Pubdate: Wed, 26 Jun 2013

Source: Wisconsin State Journal (WI)

Copyright: 2013 Madison Newspapers, Inc.

Contact: wsjopine@madison.com

Website: http://host.madison.com/wsj/

Details: http://www.mapinc.org/media/506

Author: Arianna Huffington

 

 

SHINING A LIGHT ON THE INSANITY OF THE DRUG WAR

 

It's the biggest movie of the summer. Not the biggest budget, or the biggest box office, but the most important. I'm talking about the new documentary "How to Make Money Selling Drugs," which will be released in theaters and on-demand on Wednesday.

 

Written and directed by Matthew Cooke, and produced by Bert Marcus and Adrian Grenier, the film exposes the hypocrisy and destructiveness of the drug war at every level. The director's goal, as he put it, borrowing from Malcolm X, was to effect change "by the most entertaining means necessary." Or, as Hamlet said, "The play is the thing wherein I'll catch the conscience of the king." Or, in this case, the public, which will in turn catch the conscience of the king.

 

The movie is loosely structured as a satirical how-to, showing how easy it is to make a killing as a player in America's war on drugs. And though the film mainly focuses on the stories of former drug dealers, along the way it lays bare the complicity of law enforcement, our justice system and our political system. It also features interviews with, among others, Susan Sarandon, 50 Cent, "The Wire" creator David Simon, Huffington Post reporter Radley Balko, and Russell Simmons.

 

But the reason the film truly feels like a blockbuster is because you can't leave the theater without being shocked and outraged by what's going on. Even if you go in feeling like you're well-versed in the insanity of the drug war, you'll leave even more stunned.

 

That was the case for me. I've been passionate about this issue for years. Having dealt with addiction in my family, I feel strongly about the necessity of treating it as the health issue it is, as opposed to a criminal problem.

 

On no issue are the cowardice and hypocrisy of our elected leaders writ larger than in the drug war.
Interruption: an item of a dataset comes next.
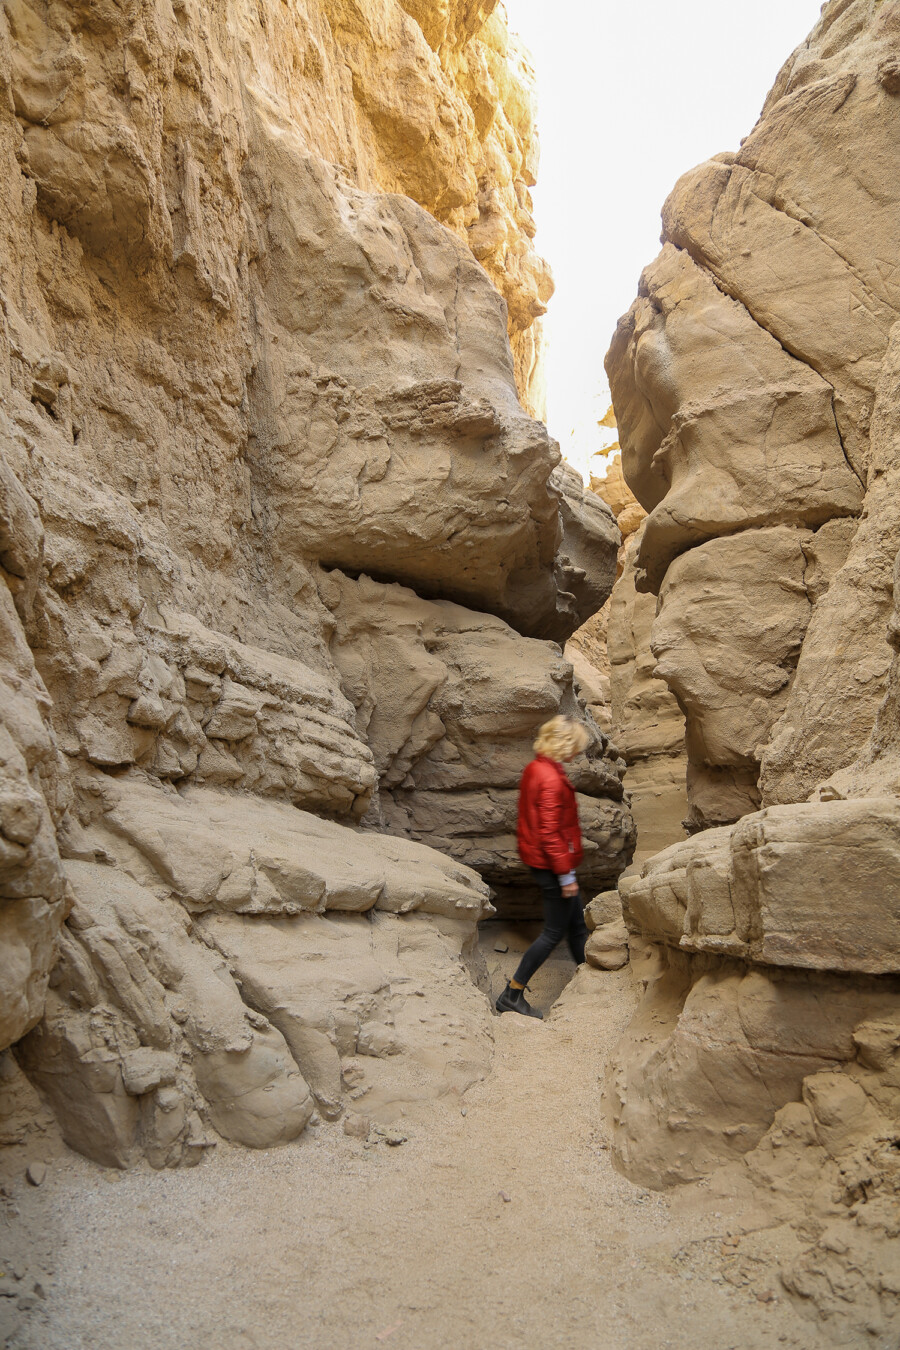 View of a woman hiking through a narrow rocky passageway at Slot Trail in Anza Borrego Desert State Park, California.
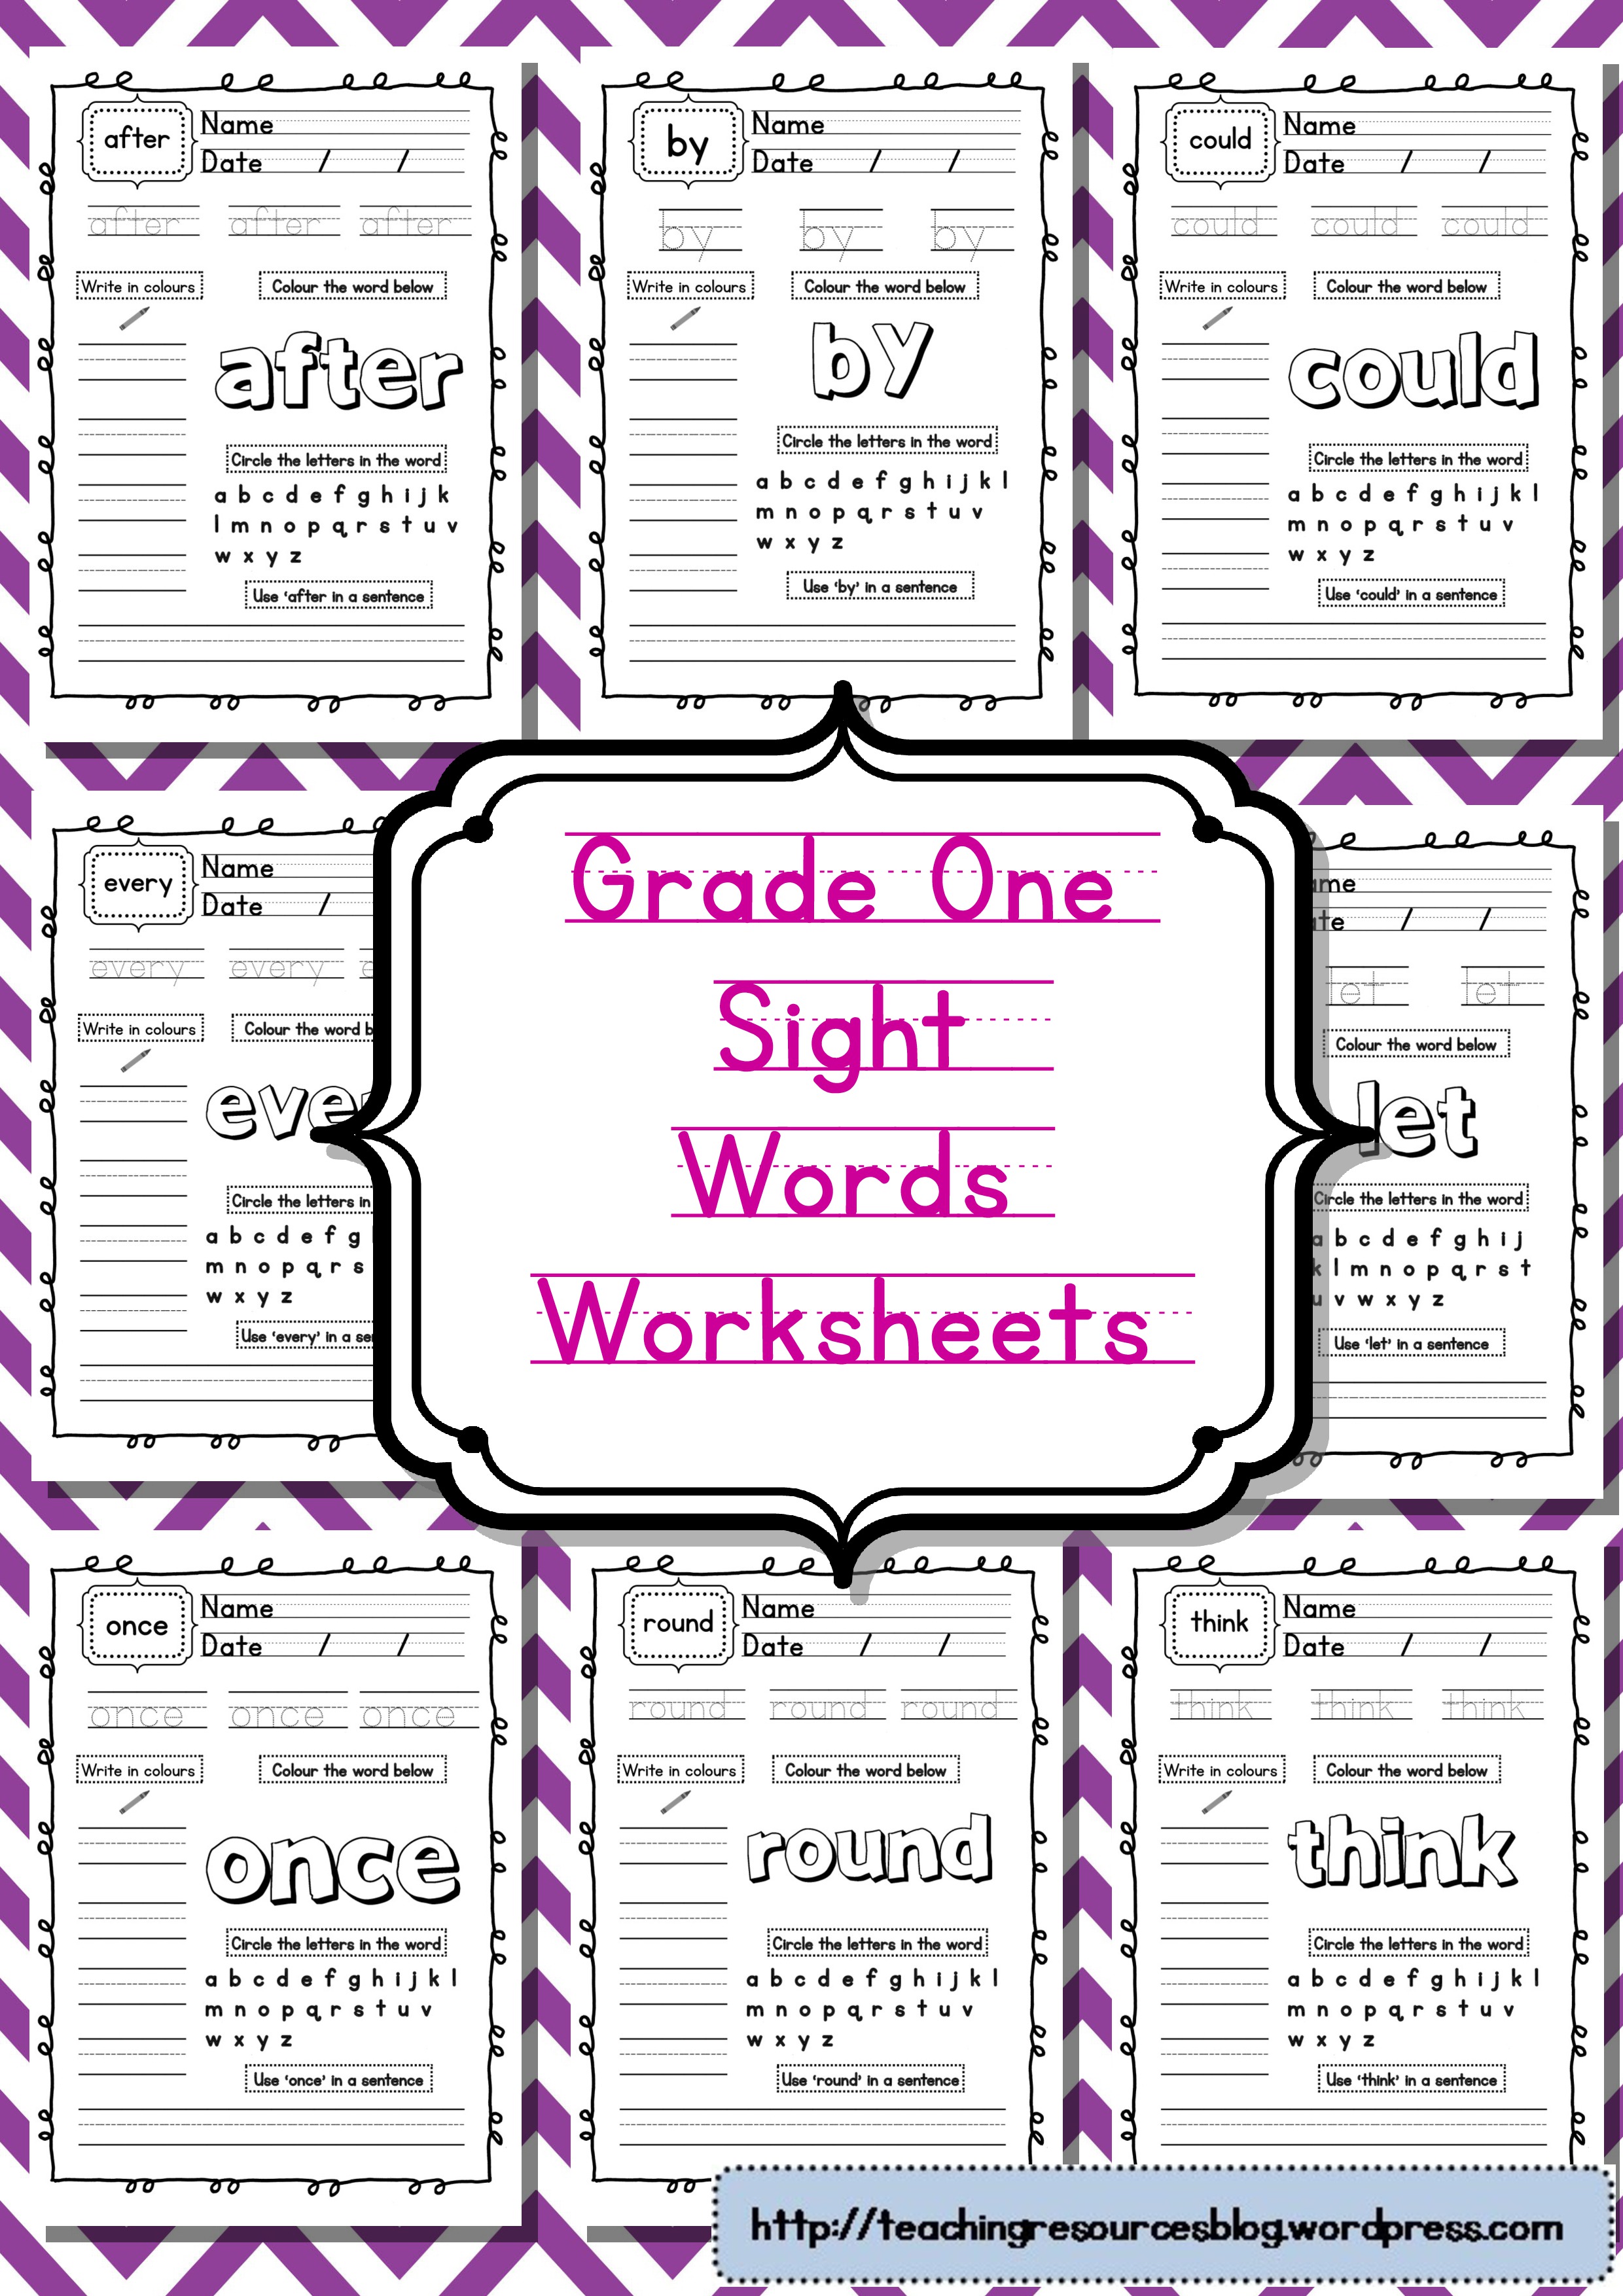 worksheets word 0 in front grade cover fill one words sight page sight

Nor anywhere are the consequences - in lives and in money - more staggering.

 

Even in its use of the experience of drug dealers as its narrative device, the film shows how destructive the drug war is on the country as a whole. "I think we're led to believe we're a nation of two types: criminals and citizens," writes Cooke in his director's statement. "But truly we are one people. If we are divided by anything it's by two conversations. The truth Americans speak on the streets, and the conversation between our commercial news and Washington elites, blasted across our media - drowning the rest of us out."

 

That's why it's so important that we all lend our voices to the sane conversation, so that it can build and reach Washington and finally overwhelm the entrenched forces that keep this disastrous war - a war not on drugs but rather, as Cooke writes, "on people" - going year after devastating year.

 

Neill Franklin is executive director of Law Enforcement Against Prohibition, a nonprofit representing more than 5,000 law enforcement workers opposed to the drug war. He's also a 34-year veteran in the Baltimore and Maryland police departments. From his very credentialed perspective, Franklin writes in The Huffington Post about how futile it is to focus on the supply end. For inner city children, drug dealing "often means the only avenue of escape from a life of poverty."

 

And there's also the opportunity costs of having our limited law enforcement resources focused so much on the futile drug war. As Franklin notes, as the drug war has grown, the national percentage of murders that get solved has dropped, going from 91 percent in 1963 to 61 percent in 2007.

 

"We cannot arrest our way out of this problem," he concludes. "Take it from someone who tried for 34 years."

 

In 2001 I wrote about how I hoped the movie "Traffic" would ignite a conversation about the drug war. And for a while it did. But then it fizzled out again, and perhaps many of us took the president at his word that he would change the drug war. And, yes, progress has been made at the state level - but only in a few states. And while the momentum of demographic change will hopefully keep that progress going, we need to maintain a sense of urgency.

 

I hope there will come a day when the government no longer wages this destructive war against its own citizens. But how many lives are still going to be destroyed before that happens?

 

Get more involved, since we're all involved in this war in one way or another. See this film, and then you're going to want to get more involved.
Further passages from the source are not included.